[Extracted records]
[Start of section]

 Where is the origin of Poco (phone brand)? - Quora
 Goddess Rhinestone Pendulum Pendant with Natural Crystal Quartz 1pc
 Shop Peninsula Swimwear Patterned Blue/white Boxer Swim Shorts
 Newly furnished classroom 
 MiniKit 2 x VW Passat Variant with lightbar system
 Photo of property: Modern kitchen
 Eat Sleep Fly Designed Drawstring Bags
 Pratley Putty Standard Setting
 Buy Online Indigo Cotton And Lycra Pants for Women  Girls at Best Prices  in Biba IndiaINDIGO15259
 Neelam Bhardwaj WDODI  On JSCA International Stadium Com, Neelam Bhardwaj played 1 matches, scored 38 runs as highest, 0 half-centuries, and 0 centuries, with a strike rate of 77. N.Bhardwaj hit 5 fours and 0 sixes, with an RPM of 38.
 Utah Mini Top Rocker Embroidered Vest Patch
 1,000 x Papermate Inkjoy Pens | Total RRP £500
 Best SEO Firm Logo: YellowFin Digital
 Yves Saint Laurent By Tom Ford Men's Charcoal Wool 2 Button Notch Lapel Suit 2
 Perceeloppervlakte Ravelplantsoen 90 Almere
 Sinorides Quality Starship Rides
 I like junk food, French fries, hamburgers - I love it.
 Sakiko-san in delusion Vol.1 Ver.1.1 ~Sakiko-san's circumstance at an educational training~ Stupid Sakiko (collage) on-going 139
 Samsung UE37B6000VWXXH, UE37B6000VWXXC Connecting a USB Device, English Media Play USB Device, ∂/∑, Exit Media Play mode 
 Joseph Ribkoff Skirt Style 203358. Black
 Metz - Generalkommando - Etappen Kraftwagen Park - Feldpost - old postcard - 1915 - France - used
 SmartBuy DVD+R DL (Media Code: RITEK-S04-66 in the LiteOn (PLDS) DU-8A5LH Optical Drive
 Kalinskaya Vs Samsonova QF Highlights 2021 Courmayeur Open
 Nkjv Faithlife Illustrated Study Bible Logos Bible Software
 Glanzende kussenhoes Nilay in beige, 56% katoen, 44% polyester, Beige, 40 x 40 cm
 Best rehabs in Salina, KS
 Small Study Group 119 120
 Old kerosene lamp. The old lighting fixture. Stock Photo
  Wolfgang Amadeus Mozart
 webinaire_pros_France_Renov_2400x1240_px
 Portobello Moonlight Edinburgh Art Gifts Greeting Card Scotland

[End of section]

Work required
Look for the word "Photo". Copy out every line of the data that has it.

Task response
 Photo of property: Modern kitchen
 Old kerosene lamp. The old lighting fixture. Stock Photo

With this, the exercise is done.